Cilinho

Personal information
- Full name: Otacílio Pires de Camargo
- Date of birth: February 9, 1939
- Place of birth: Campinas (SP), Brazil
- Date of death: November 28, 2019 (aged 80)
- Place of death: Campinas (SP), Brazil

Managerial career
- Years: Team
- 1966: Ferroviária
- 1969–1970: Ponte Preta
- 1970: Mazembe
- 1973: Portuguesa
- 1973–1974: Sport
- 1974: Ponte Preta
- 1974: XV de Jaú
- 1975: Paulista
- 1976: Comercial-SP
- 1982: Santos
- 1984–1985: São Paulo
- 1987: Ponte Preta
- 1987–1989: São Paulo
- 1989: Guarani
- 1991: Corinthians
- 1994: Bragantino
- 1999: América-SP
- 2003: São Paulo B
- 2011–2012: Rio Branco

= Cilinho =

Brazilian footballer (1939–2019)

Otacílio Pires de Camargo, commonly known as Cilinho (February 9, 1939 – November 28, 2019) was a Brazilian football coach, responsible for the discovery of many talents.

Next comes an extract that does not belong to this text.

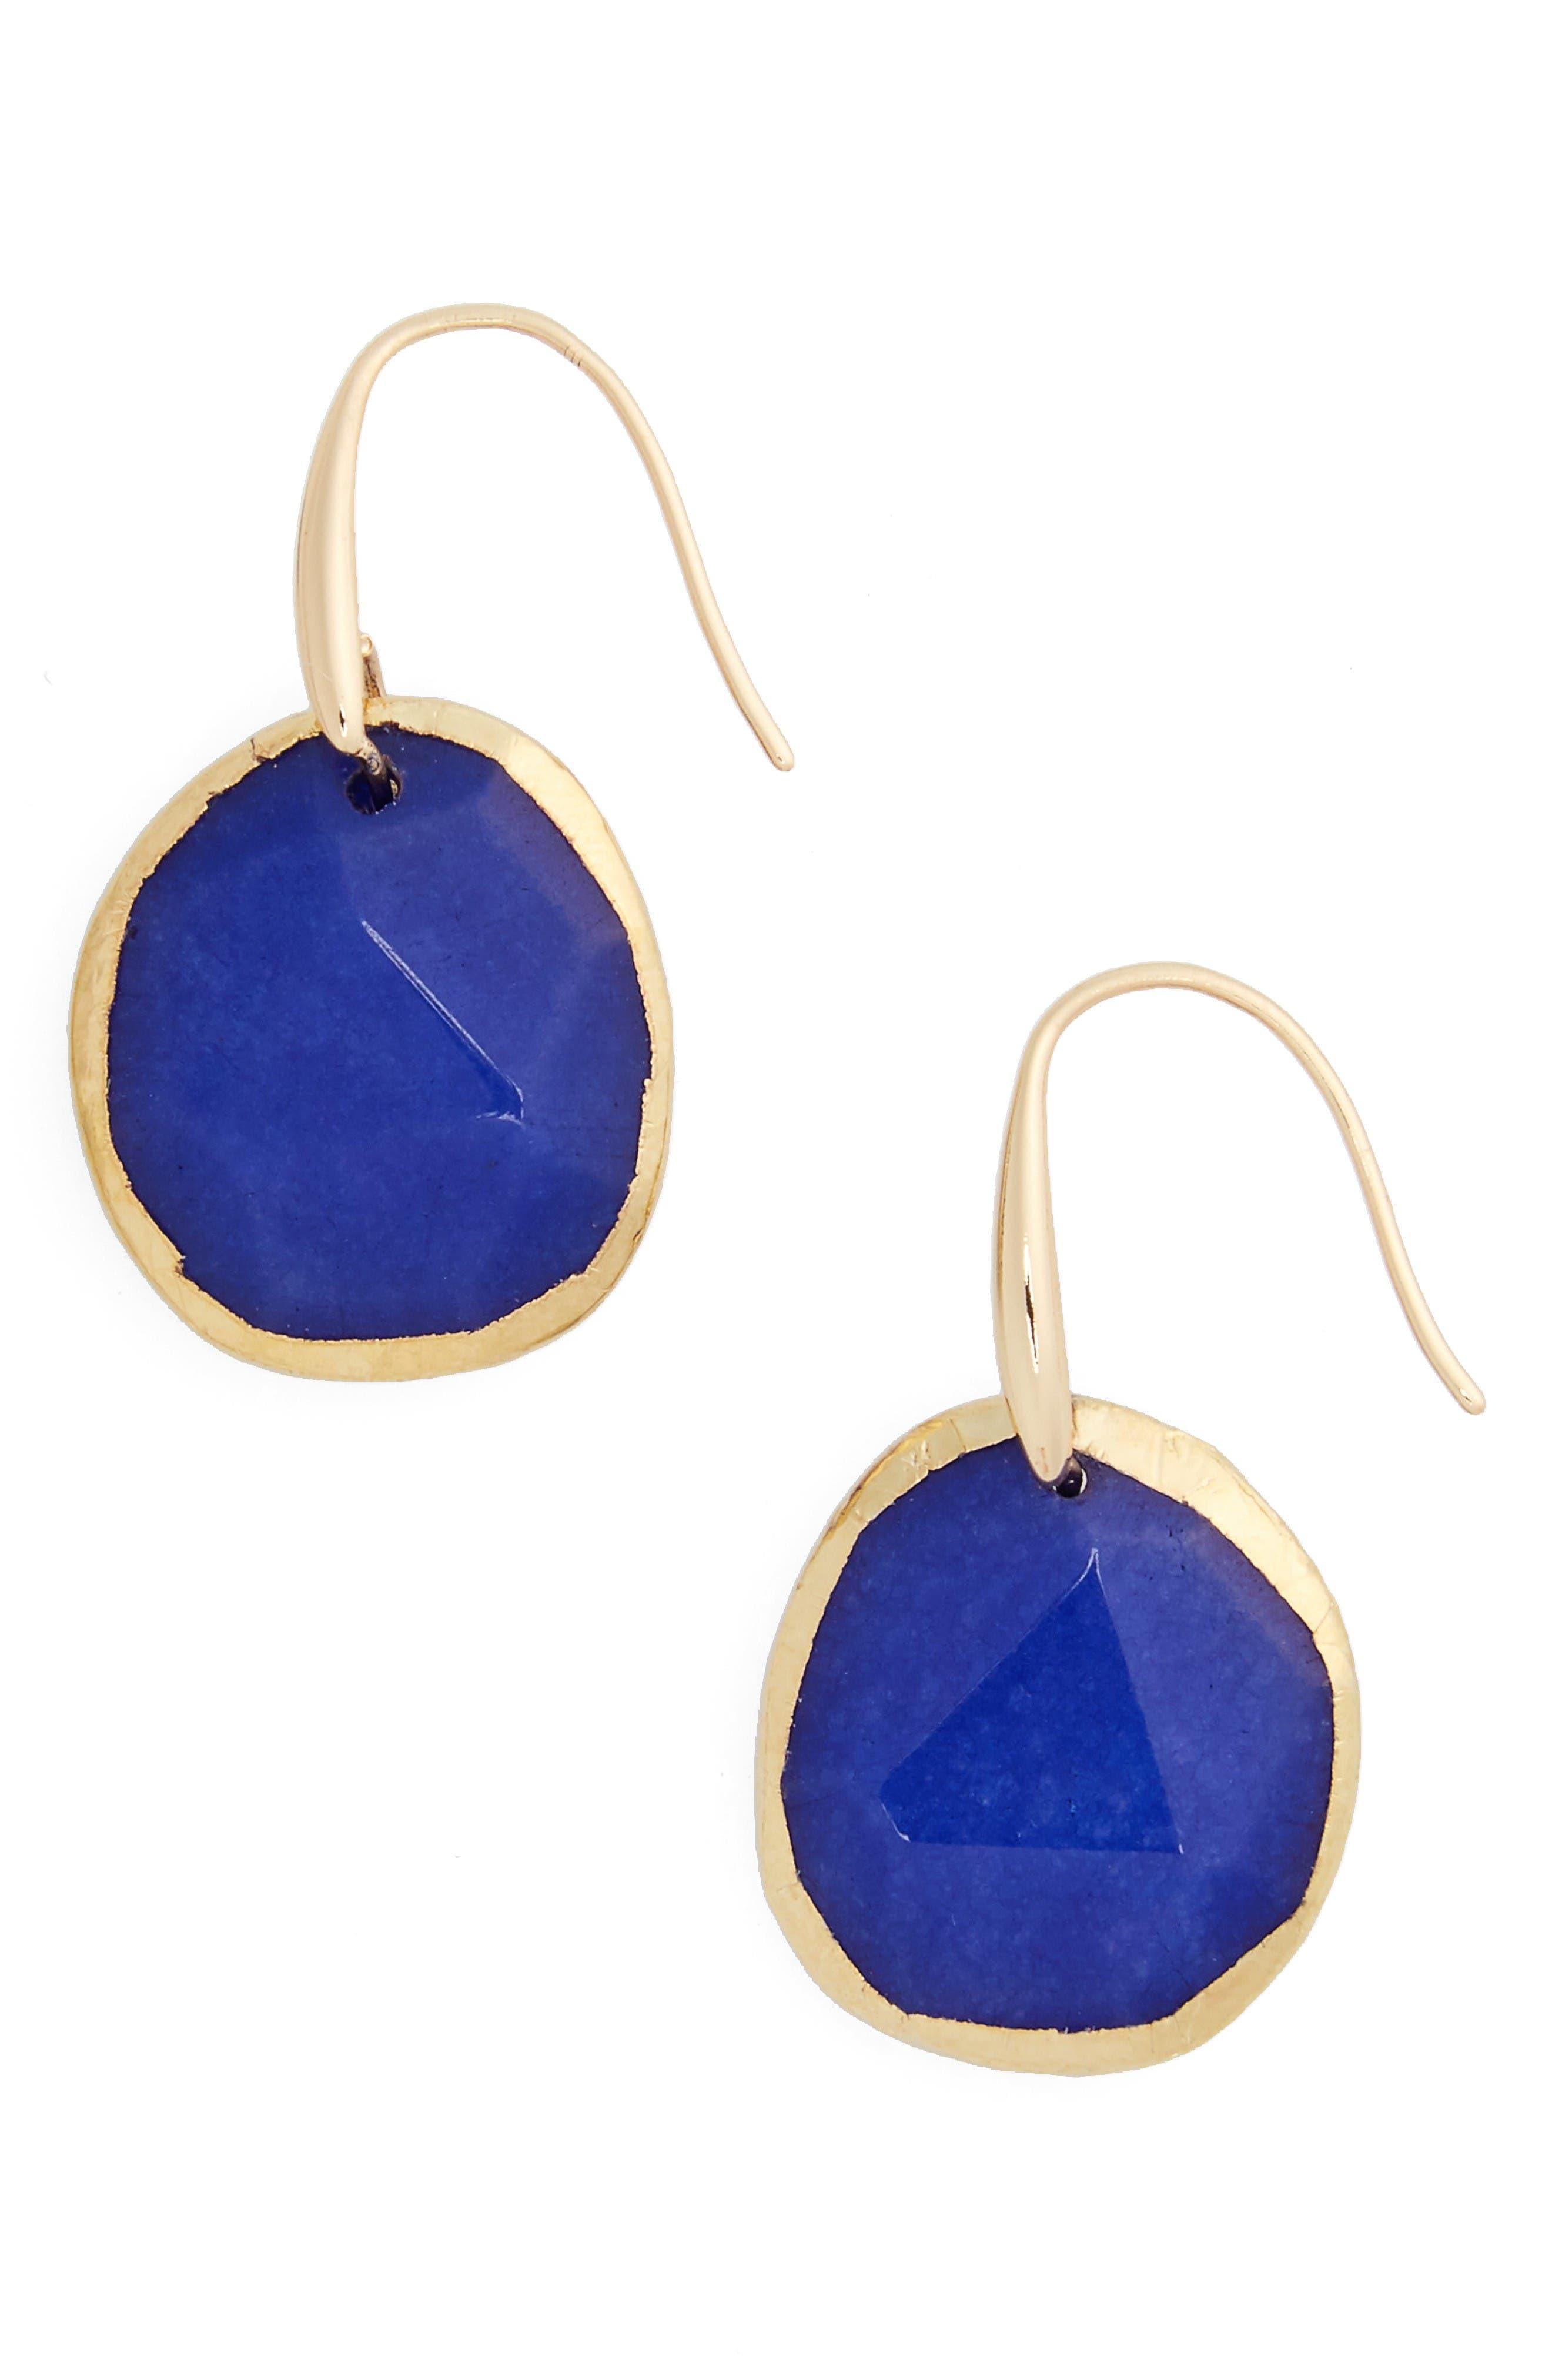 Alternate Image 1 Selected - Nordstrom Semiprecious Stone Drop Earrings

He was born in Campinas.

==Career==
It was he who directed the Sao Paulo team which in the 1980s was named "Menudos do Morumbi", after the popular 1980s Puerto Rican teen pop boy band Menudo, due to the young age of the group.

He won the Campeonato Paulista with São Paulo in 1985 and in 1987, the Campeonato Paulista Second Division with Ponte Preta in 1969, and the Campeonato Paulista Série A2 in 1999 with América-SP. Cilinho has also managed clubs such as Portuguesa, Sport, XV de Jaú, Guarani and Bragantino.